[HarmonyOS][K老师]HarmonyOS实战:录音功能封装 + 录音转文字全流程(附可直接运行代码) 原创
头像 K老师 2026-01-01 13:42:45    发布
13968 浏览 385 点赞 0 收藏

大家好,我是 K 老师(华为 HarmonyOS 官方认证讲师)!

很多开发者在鸿蒙 Next 开发中会遇到录音 + 转文字的场景(比如语音笔记、智能客服),但官方文档偏碎片化,新手容易踩权限、音频流、引擎创建的坑。

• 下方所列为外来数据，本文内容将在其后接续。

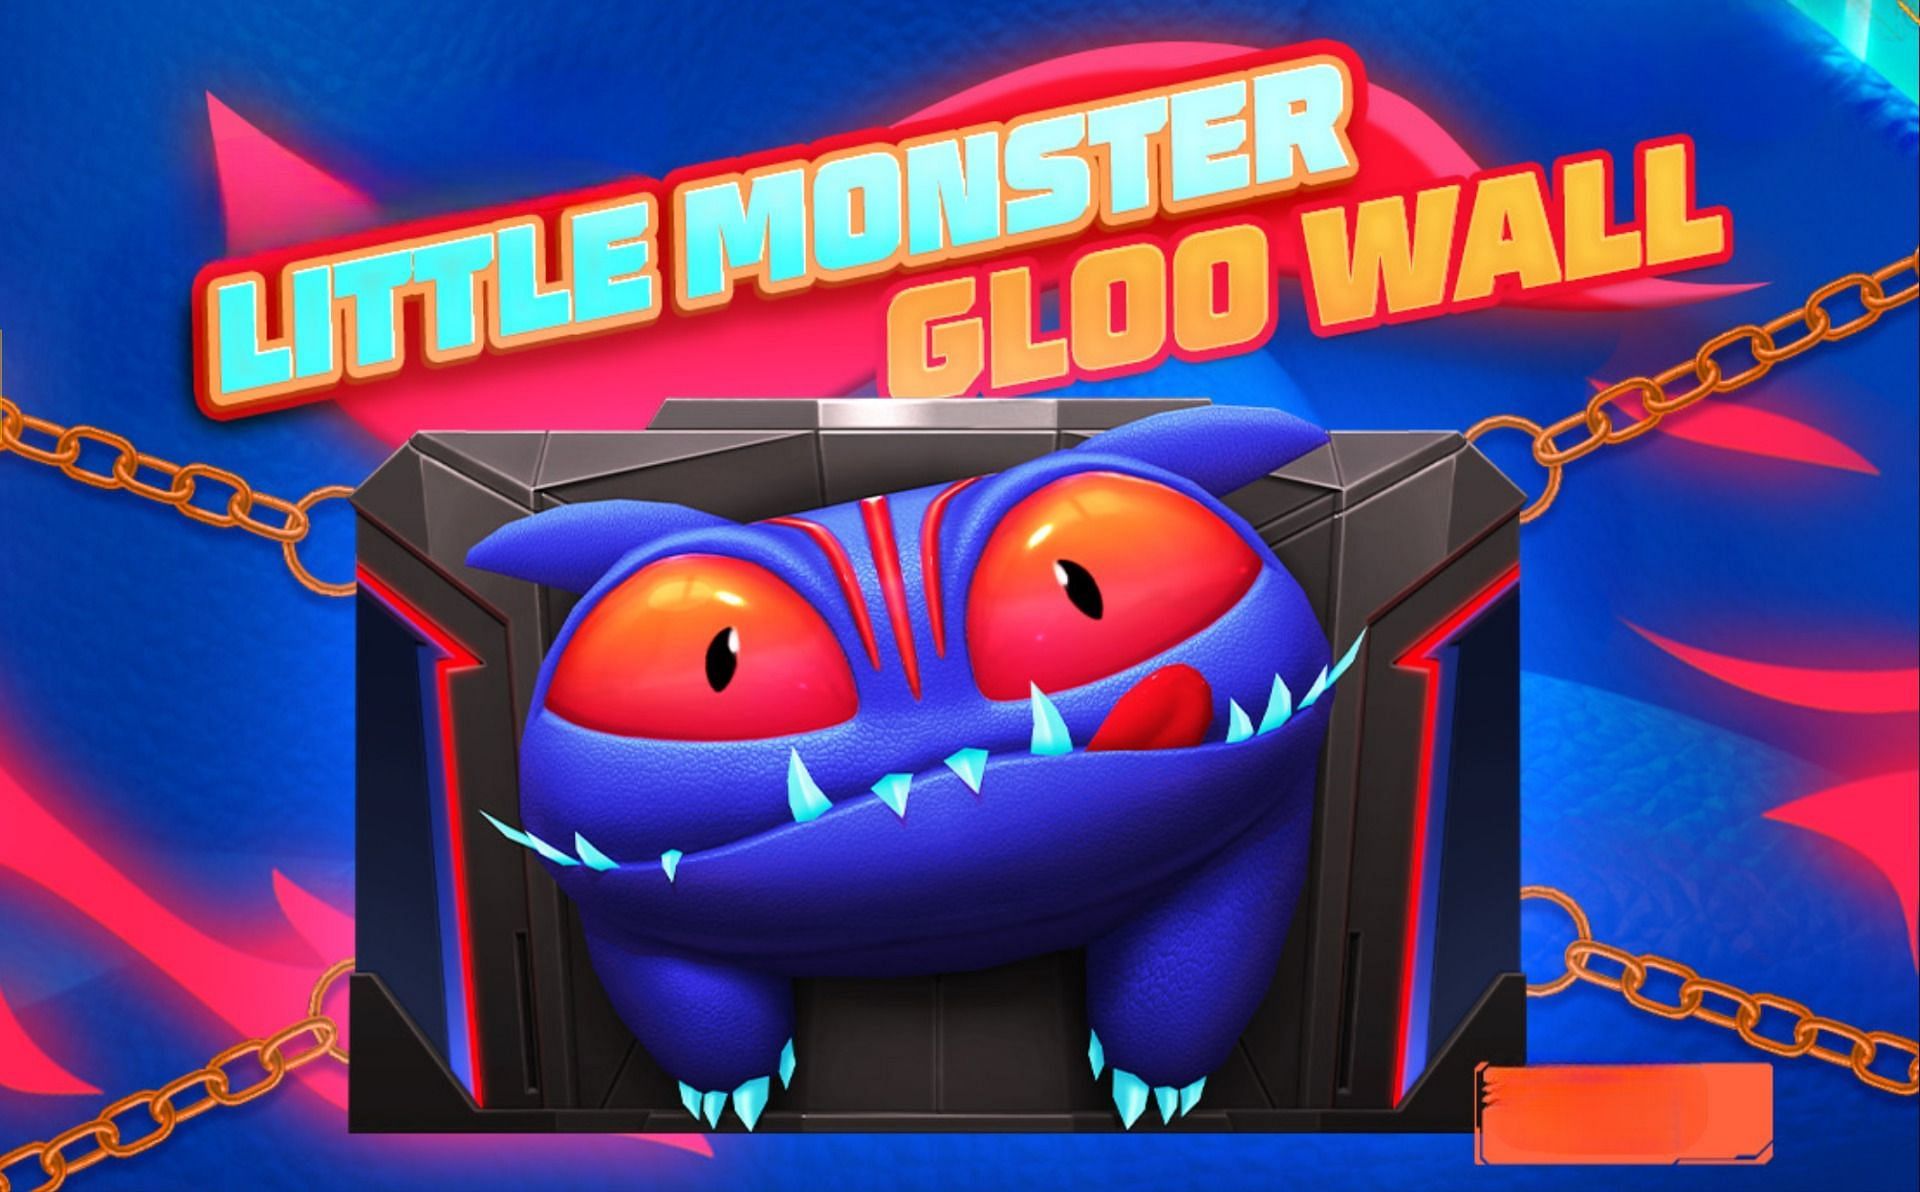 Free Fire Little Monster Wall event guide: Get Gloo Wall skin, pricing, and more

今天分享我实战封装的两套 Manager(录音 + 转文字),代码可直接复用,新手也能快速落地~

前置准备(必看!避免踩坑)
  1. 权限申请:需在 config.json 中声明ohos.permission.MICROPHONE(麦克风权限);
  2. 依赖模块:确认项目已引入@ohos.multimedia.audio@kit.CoreSpeechKit等核心 Kit(HarmonyOS Next 版本需≥4.0);
  3. 沙箱路径:录音文件默认存在应用私有目录filesDir,转文字时需读取该路径,避免文件权限问题。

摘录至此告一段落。